Desde Macondo. VOTAR POR DERECHO

O por obligación, que unos días pienso una cosa y otros, la contraria. Recuerdo cómo me escandalicé hace muchos años, en una remota región de los Andes peruanos, y en plena campaña electoral, por cierto, al conocer que el voto era obligatorio. Que si no bajabas de tu perdida aldea, a pie, entre barro y piedras y a veces con tres o cuatro horas de camino, para depositar tu voto en la urna, además de una multa (que nadie podía pagar en plena economía de subsistencia), perdías “derechos civiles”. Es decir, no podías coger el transporte público, ni acceder a ayudas ni contar con la mínima asistencia para vivir o morirte.
          Era joven y defendía con uñas y dientes que la libertad constituía la base de la democracia. La libertad de elegir o de no hacerlo. Y lo entendía más aún en una zona con un noventa y muchos por ciento de analfabetos y cien por cien de quechua-hablantes, que ni sabían leer los carteles electorales en el más pulcro castellano.
          Han cambiado los tiempos, y, obviamente, yo también. Me consta que quedan dos docenas de países en el mundo que mantienen el voto obligatorio, entre ellos, alguno tan “civilizado” como Bélgica, o Australia, o Grecia, además de varios latinoamericanos o de otros, como Líbano, en el que sólo los hombres tienen que ir a las urnas sí o sí.
          Y con el cambio, me preocupa más el abstencionismo que la fórmula para elegir representantes. No me vale un cien por cien de participación cuando no tienes más narices que participar, pero me vale mucho menos un 47 por ciento, incluso menos, cuando cuentas con la posibilidad de elegir. Y no voy a ser yo la que analice-que hay mucho politólogo suelto-las causas de esta progresiva desafección por la política, del alejamiento de la gente, especialmente, pero no exclusivamente, de los jóvenes, de la actualidad, de la realidad en la que, quieran o no, deben moverse hoy y en el futuro.
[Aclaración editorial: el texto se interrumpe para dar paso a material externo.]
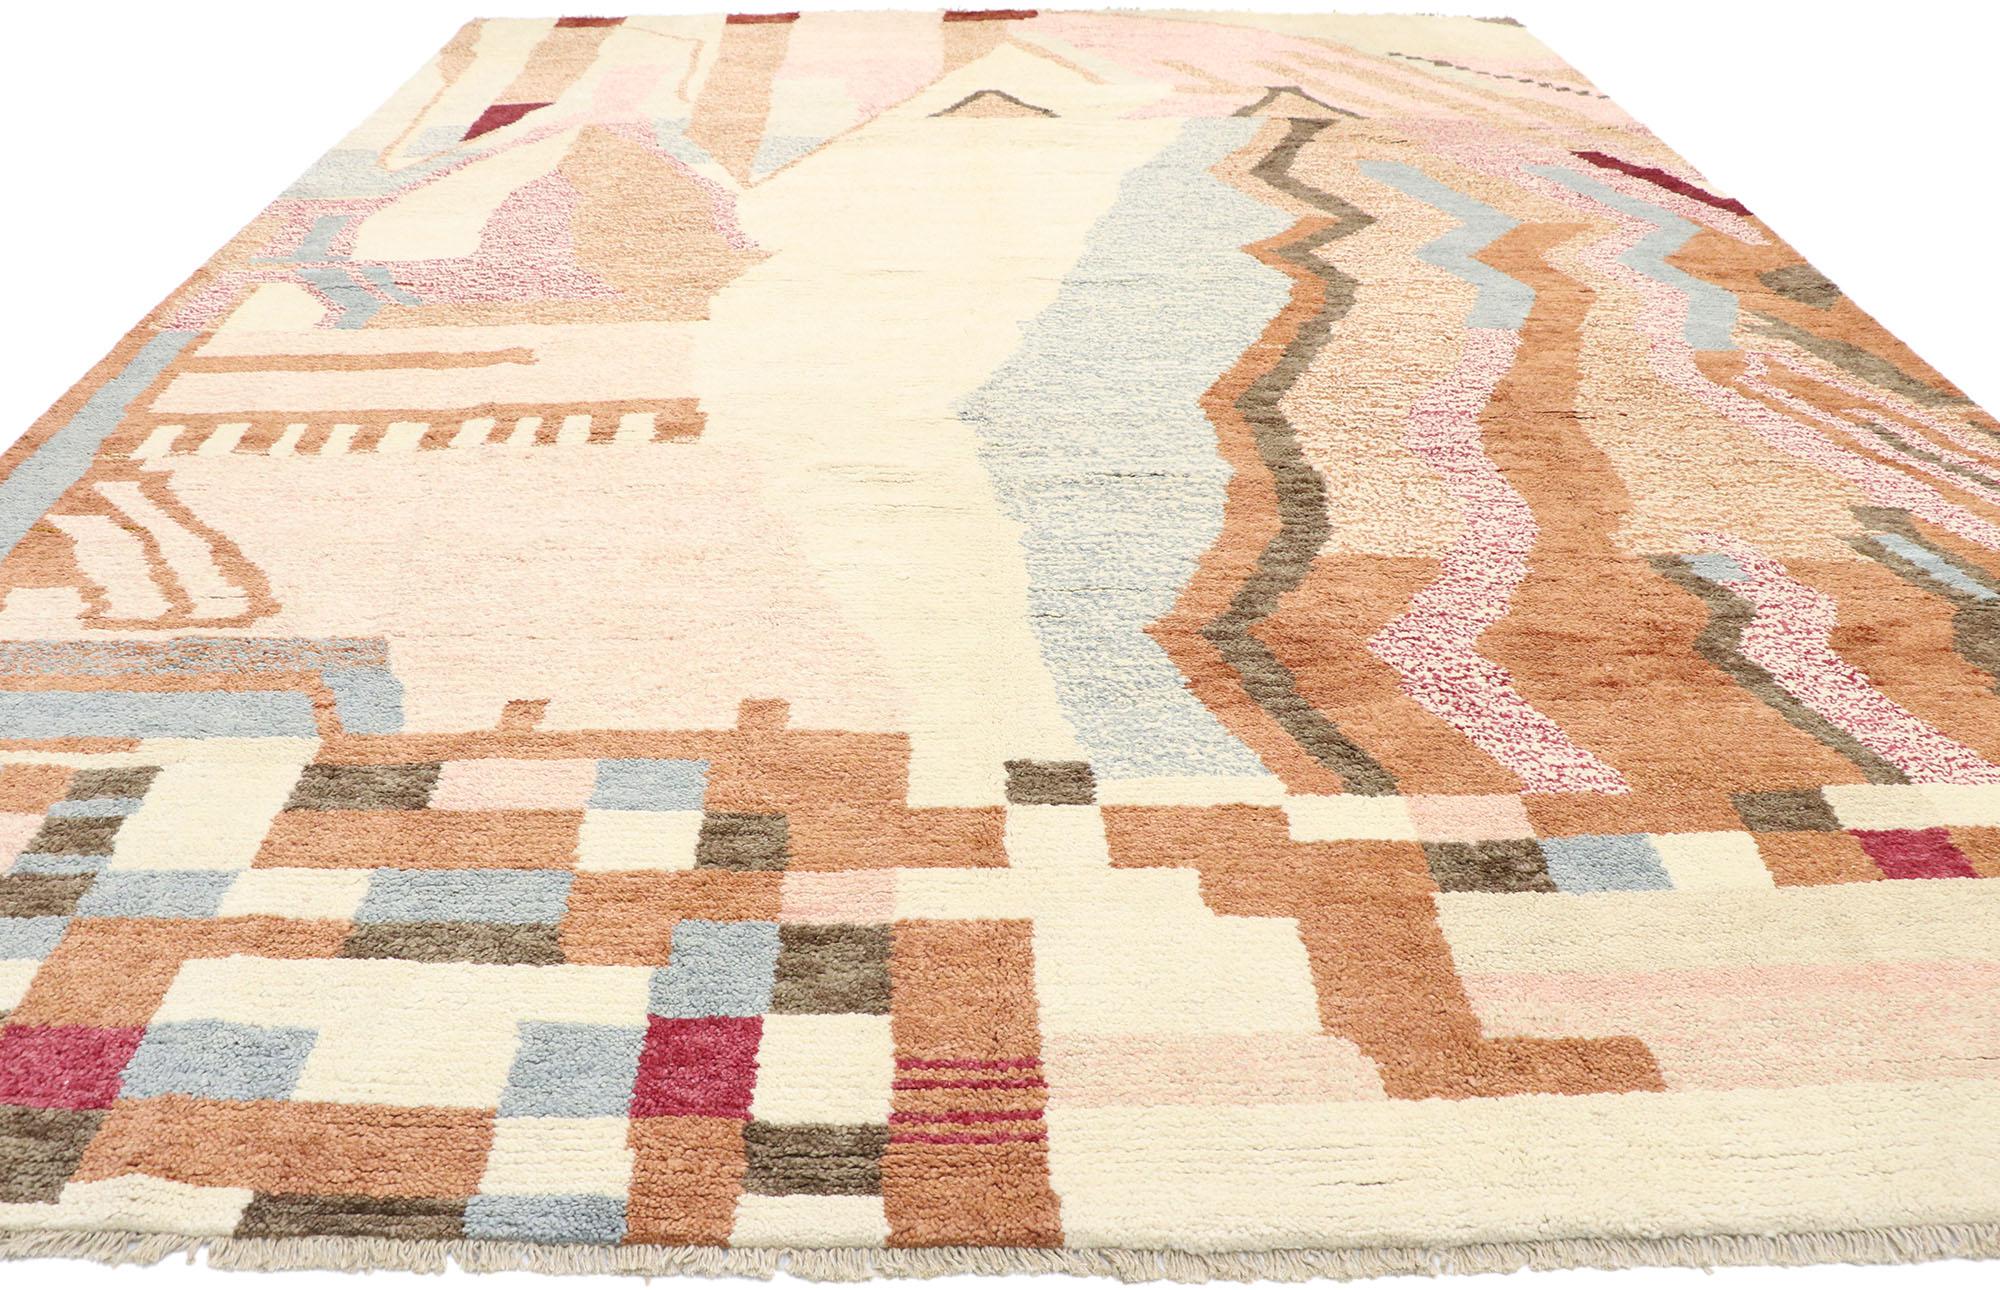 Tribal New Contemporary Moroccan Style Rug with Boho Chic Postmodern Design

          Con todos los respetos a quienes votan en blanco, o no lo hacen porque no encuentran una opción que responda a sus intereses, el peor abstencionista es el que dice que no le interesa la política, el que no sabe qué política es ir a la universidad, o al médico, o poder llevar al niño a la guardería o tener quien atienda a la abuela mientras trabajas. O tener las mismas oportunidades de acceso a puestos de trabajo, cobrar lo mismo por el mismo esfuerzo, amar a quien quieras sin esconderte o tener derecho a soñar con un futuro mejor.
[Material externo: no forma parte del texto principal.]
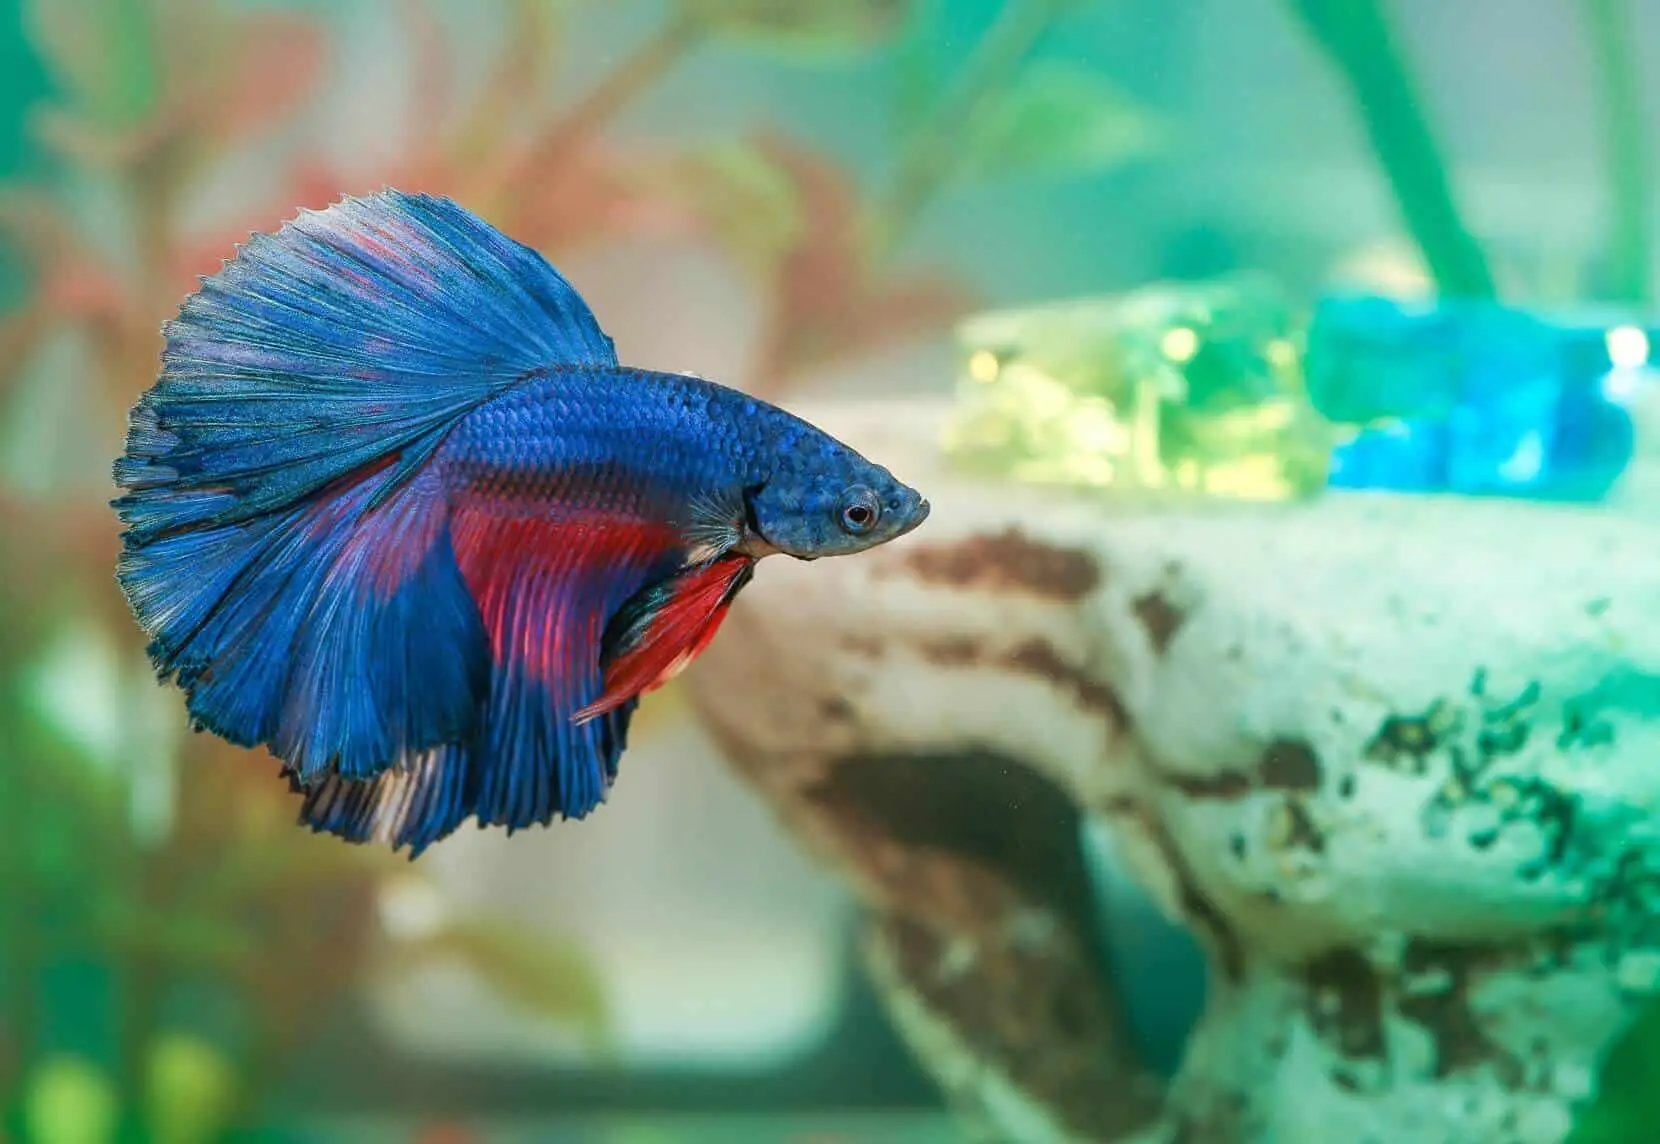 Betta my why fish keep dying do How Can

          No puedo respetar, ni quiero hacerlo, a los que se justifican diciendo que todos son iguales, entre otras cosas, porque la mayoría ni se habrán leído el programa, ni a los que no dedican ni un segundo a pensar cómo puede influir su decisión de no votar en la vida de sus hijos, de sus padres, de sus vecinos.
          A quienes ni se plantean buscarse en el censo electoral, porque lo consideran una pérdida de tiempo y a todos aquellos para los que el 28 de abril y el 26 de mayo sólo son dos domingos de primavera en el calendario.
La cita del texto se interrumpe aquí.